In another sign of corporations’ rising voice amid frustration with President Trump, Cook tells the New York Times‘ Andrew Ross Sorkin: “I think we have a moral responsibility to help grow the economy, to help grow jobs, to contribute to this country and to contribute to the other countries that we do business in.”

Cook said he did not seek to be an advocate on issues like climate change, education and job creation, but feels he has been “thrust into the role.” Other high-profile business leaders have been similarly active — and politically divisive — stances on hot-button topics. As CEO of Apple, the world’s most valuable company, however, Cook’s statements often make headlines.

“The reality is that government, for a long period of time, has for whatever set of reasons become less functional and isn’t working at the speed that it once was,” Cook said. “And so it does fall, I think, not just on business but on all other areas of society to step up.”

Cook’s sense of social responsibility has recently been on full display, in the wake of the racially charged clashes in Charlottesville, Va.
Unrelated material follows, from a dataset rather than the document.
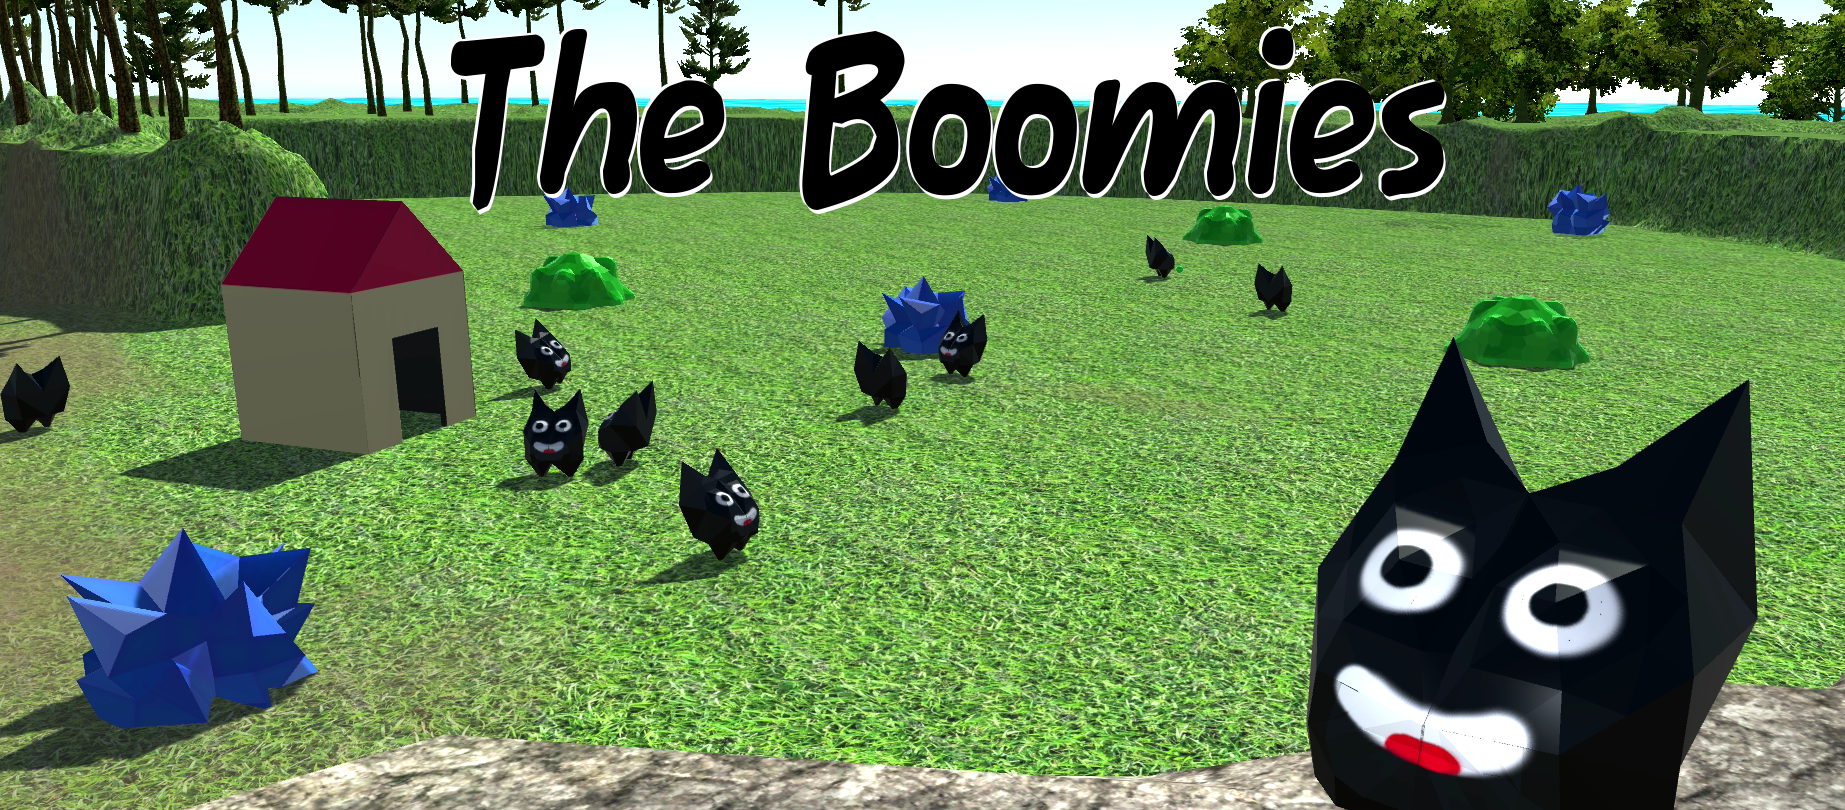 The Boomies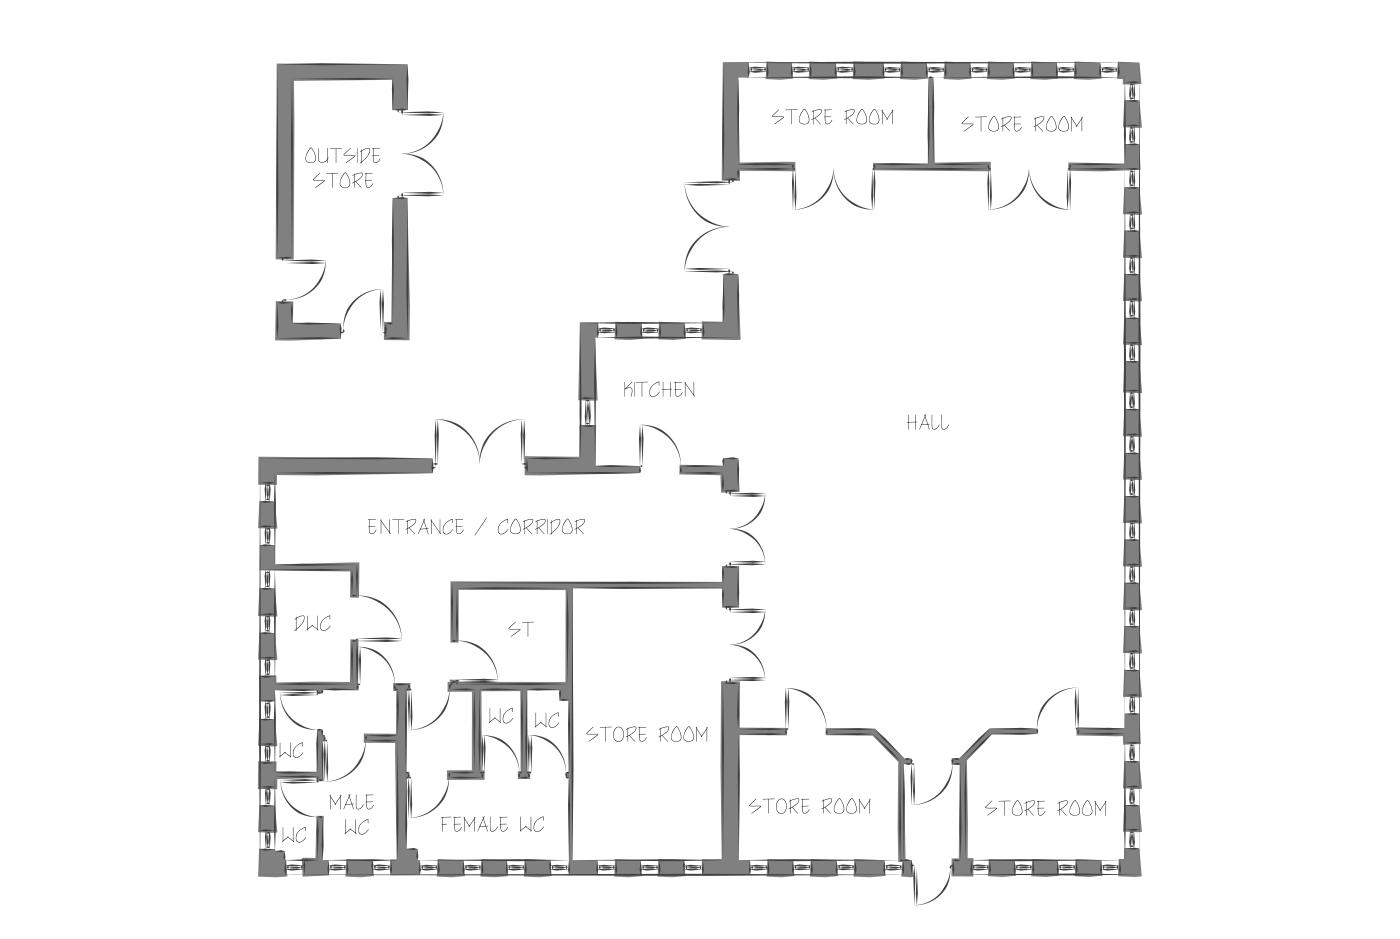 Kingsthorpe community centre floor plan

He emailed employees to fulminate against president Donald Trump’s condemnation of “both sides” at the far-right rally, saying that equating white supremacists with their opponents “runs counter to our ideals as Americans.”

Cook talked up Apple’s recently-launched app-coding courses, which are being offered at dozens of community colleges in the U.S. The courses teach people how to develop apps using Apple’s own Swift coding language, so they are geared towards building up Apple’s own iPhone and iPad app ecosystem.

Tim Cook, an Alabama native who came up through the industry’s operations and engineering side, has kept a mostly low profile during his six years as CEO. That makes these comments quite telling, both about his rising comfort in the spotlight, and his embrace of a more public face for the world’s most profitable company.